Maximum pin toggle speed

Hmm. This was asked over on AVRFreaks, and it's FREQUENTLY a Frequently asked question about CPUs/etc, though I don't recall ever seeing it asked here. Since I actually did the experiment, I'll post the answer anyway!

  while (1) {
    digitalWrite(3, 1);
    digitalWrite(3, 0);
  }

produces a 106.8kHz square wave on digital pin 3 in Arduino 0010, 0011, and 0012. Though it would probably be foolish to count on exactly that speed; library functions are subject to change.

  cli();
  while (1) {
    PORTD |= 0x8;
    PORTD &= ~0x8;
  }

on the same board runs at 2.667MHz. (This does produce the minimal sbi/cbi/rjmp loop that you'd expect, BTW.)
(so that's about a 20x penalty for the arduino library code; sounds about right: the overhead of abstracting IO to "pin number" is pretty substantial: a subroutine call, lookup table to get the port, another lookup table to get the bit, a third to check whether analogWrite is in use, and then less efficient instructions to access the port "indirectly")

Speaking of the hefty digitalWrite() overhead, I noticed two things when I went poking into that code.

One, some pins are slower than others, because they have PWM timers that have to be disengaged.

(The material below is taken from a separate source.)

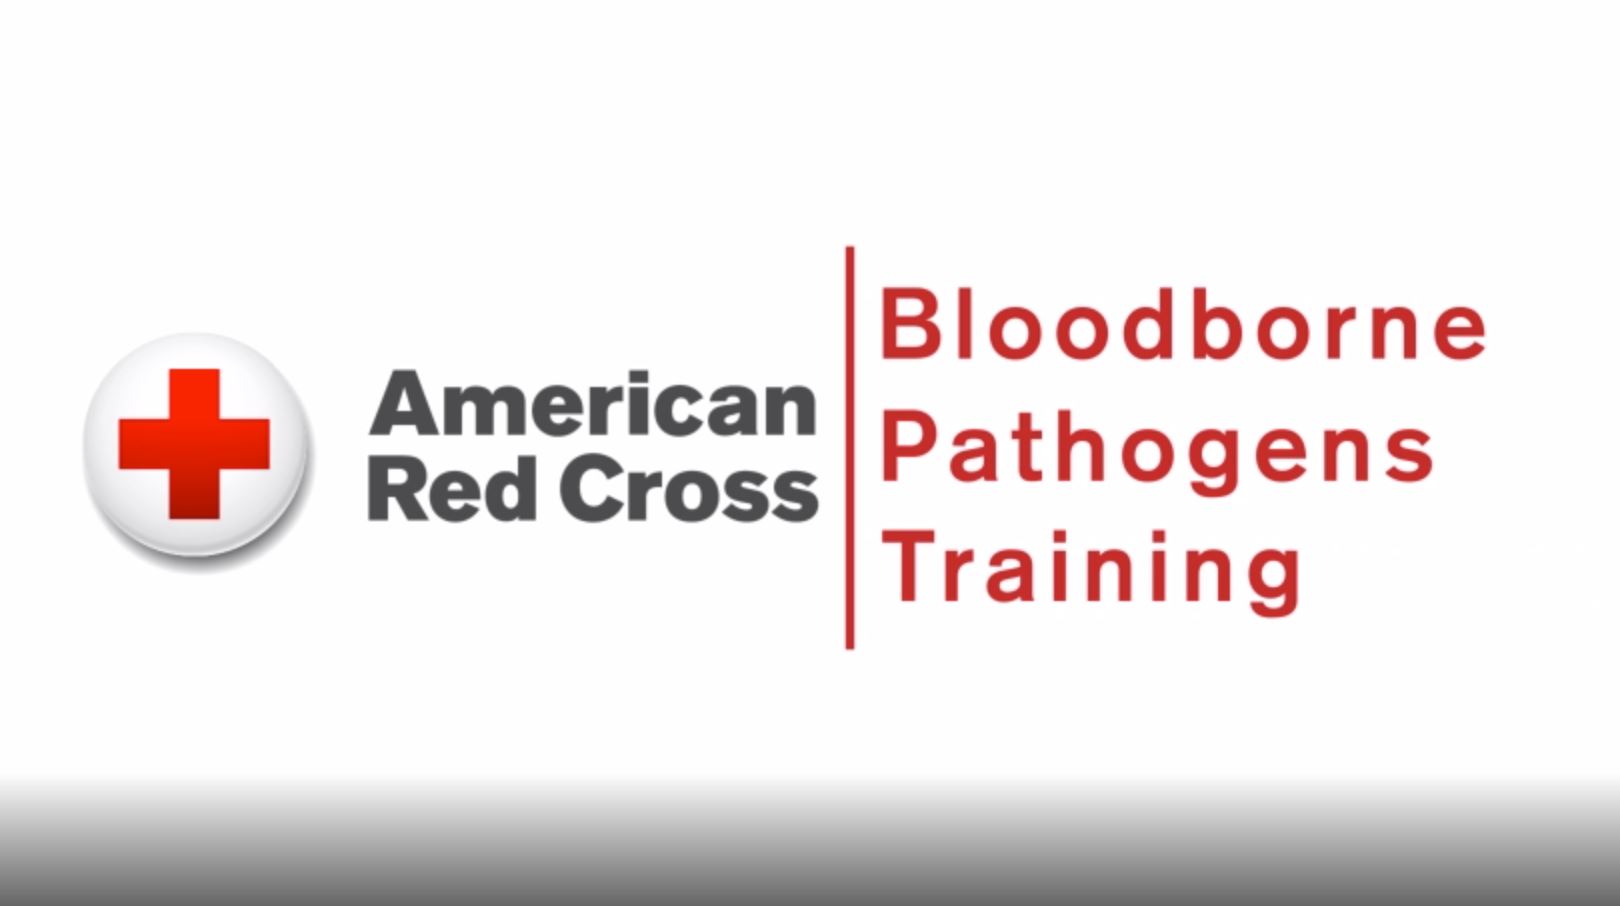 American Red Cross Bloodborne Pathogens Online Training Course

Two, the "function" that turns off those timers has a really ugly chain of if/if/if/if statements that should really be a switch or at least if/else if/else if/else statements. I did a timing analysis like you, westfw, and found that the gcc compiler really does optimize the code the same way since it's all forced inline, and comparing against static const data. But it bugs me to see code that relies on the optimizer to rephrase so drastically to do the right thing-- one accidental tweak or compiler update and boom, digitalWrite() could be twice as slow, because the compiler decides to implement what is written, not what might possibly be implied.

That's interesting.

re: 2.667MHz example. Was that at 8hz? I have been operating under the assumption that a 16mhz atmega did 16,000,000 instructions per second. Which would be 5.333 million loops per second with only 3 instructions.

Also the output isn't exactly "square", you would need another STI (or NOP) to hold the pin high for the same time as low, but it would be a bit slower if half/on half/off was a requirement.

I would have thought it would do 4 million loops per second at 16mhz. The while statement will be optimized to a relative jump, which is a two clock instruction – so the whole loop should be 4 clock cycles long

some pins are slower than others, because they have PWM timers that have to be disengaged.

Yes. The code reads:

  timer = digitalPinToTimer(pin);
    :
  if (timer != NOT_ON_TIMER) turnOffPWM(timer);

I had assumed digitalPinToTimer() would be false if analogWrite wasn't active, but it's actually a ROM-based function that says which timer MIGHT be associated with the pin. Pin3 used in my example IS a PWM output...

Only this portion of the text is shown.